- **Your instructions**:
What is wanted is every record, duplicated word for word.

══ Exercise materials

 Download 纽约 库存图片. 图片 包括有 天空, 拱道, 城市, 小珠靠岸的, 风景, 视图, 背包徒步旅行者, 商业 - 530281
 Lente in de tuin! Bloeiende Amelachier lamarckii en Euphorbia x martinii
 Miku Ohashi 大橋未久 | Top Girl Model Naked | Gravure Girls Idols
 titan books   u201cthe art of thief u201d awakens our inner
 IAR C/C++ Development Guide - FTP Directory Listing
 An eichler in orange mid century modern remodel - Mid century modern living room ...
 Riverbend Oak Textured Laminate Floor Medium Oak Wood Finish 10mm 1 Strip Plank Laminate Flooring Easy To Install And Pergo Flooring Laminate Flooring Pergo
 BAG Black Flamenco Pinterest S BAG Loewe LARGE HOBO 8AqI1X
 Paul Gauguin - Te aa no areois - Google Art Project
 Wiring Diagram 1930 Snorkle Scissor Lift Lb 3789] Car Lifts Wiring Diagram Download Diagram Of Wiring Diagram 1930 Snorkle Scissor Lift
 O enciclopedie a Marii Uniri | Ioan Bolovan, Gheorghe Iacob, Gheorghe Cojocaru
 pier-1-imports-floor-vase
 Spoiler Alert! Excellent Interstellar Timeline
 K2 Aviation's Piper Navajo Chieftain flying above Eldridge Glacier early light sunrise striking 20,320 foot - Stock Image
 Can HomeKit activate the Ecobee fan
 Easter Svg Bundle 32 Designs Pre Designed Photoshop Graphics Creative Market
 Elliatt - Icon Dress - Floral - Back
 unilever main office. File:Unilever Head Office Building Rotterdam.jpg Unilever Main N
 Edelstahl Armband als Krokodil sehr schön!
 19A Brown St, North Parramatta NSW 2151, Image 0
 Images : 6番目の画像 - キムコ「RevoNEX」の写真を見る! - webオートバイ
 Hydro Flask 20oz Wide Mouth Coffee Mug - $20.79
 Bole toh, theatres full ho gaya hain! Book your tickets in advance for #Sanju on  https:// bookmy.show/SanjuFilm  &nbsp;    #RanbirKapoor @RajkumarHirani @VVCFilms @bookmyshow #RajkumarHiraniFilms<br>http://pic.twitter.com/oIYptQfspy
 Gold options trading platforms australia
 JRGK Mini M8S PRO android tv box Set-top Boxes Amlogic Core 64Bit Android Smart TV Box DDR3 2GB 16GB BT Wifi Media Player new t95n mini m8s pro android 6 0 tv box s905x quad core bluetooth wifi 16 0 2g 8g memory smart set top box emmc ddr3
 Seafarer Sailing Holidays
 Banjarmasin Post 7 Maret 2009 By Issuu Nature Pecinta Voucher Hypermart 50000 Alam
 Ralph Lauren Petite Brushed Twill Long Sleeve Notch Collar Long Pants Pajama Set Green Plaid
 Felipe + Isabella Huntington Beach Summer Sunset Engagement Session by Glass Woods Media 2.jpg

════

- **Output below**:
 Download 纽约 库存图片. 图片 包括有 天空, 拱道, 城市, 小珠靠岸的, 风景, 视图, 背包徒步旅行者, 商业 - 530281
 Lente in de tuin! Bloeiende Amelachier lamarckii en Euphorbia x martinii
 Miku Ohashi 大橋未久 | Top Girl Model Naked | Gravure Girls Idols
 titan books   u201cthe art of thief u201d awakens our inner
 IAR C/C++ Development Guide - FTP Directory Listing
 An eichler in orange mid century modern remodel - Mid century modern living room ...
 Riverbend Oak Textured Laminate Floor Medium Oak Wood Finish 10mm 1 Strip Plank Laminate Flooring Easy To Install And Pergo Flooring Laminate Flooring Pergo
 BAG Black Flamenco Pinterest S BAG Loewe LARGE HOBO 8AqI1X
 Paul Gauguin - Te aa no areois - Google Art Project
 Wiring Diagram 1930 Snorkle Scissor Lift Lb 3789] Car Lifts Wiring Diagram Download Diagram Of Wiring Diagram 1930 Snorkle Scissor Lift
 O enciclopedie a Marii Uniri | Ioan Bolovan, Gheorghe Iacob, Gheorghe Cojocaru
 pier-1-imports-floor-vase
 Spoiler Alert! Excellent Interstellar Timeline
 K2 Aviation's Piper Navajo Chieftain flying above Eldridge Glacier early light sunrise striking 20,320 foot - Stock Image
 Can HomeKit activate the Ecobee fan
 Easter Svg Bundle 32 Designs Pre Designed Photoshop Graphics Creative Market
 Elliatt - Icon Dress - Floral - Back
 unilever main office. File:Unilever Head Office Building Rotterdam.jpg Unilever Main N
 Edelstahl Armband als Krokodil sehr schön!
 19A Brown St, North Parramatta NSW 2151, Image 0
 Images : 6番目の画像 - キムコ「RevoNEX」の写真を見る! - webオートバイ
 Hydro Flask 20oz Wide Mouth Coffee Mug - $20.79
 Bole toh, theatres full ho gaya hain! Book your tickets in advance for #Sanju on  https:// bookmy.show/SanjuFilm  &nbsp;    #RanbirKapoor @RajkumarHirani @VVCFilms @bookmyshow #RajkumarHiraniFilms<br>http://pic.twitter.com/oIYptQfspy
 Gold options trading platforms australia
 JRGK Mini M8S PRO android tv box Set-top Boxes Amlogic Core 64Bit Android Smart TV Box DDR3 2GB 16GB BT Wifi Media Player new t95n mini m8s pro android 6 0 tv box s905x quad core bluetooth wifi 16 0 2g 8g memory smart set top box emmc ddr3
 Seafarer Sailing Holidays
 Banjarmasin Post 7 Maret 2009 By Issuu Nature Pecinta Voucher Hypermart 50000 Alam
 Ralph Lauren Petite Brushed Twill Long Sleeve Notch Collar Long Pants Pajama Set Green Plaid
 Felipe + Isabella Huntington Beach Summer Sunset Engagement Session by Glass Woods Media 2.jpg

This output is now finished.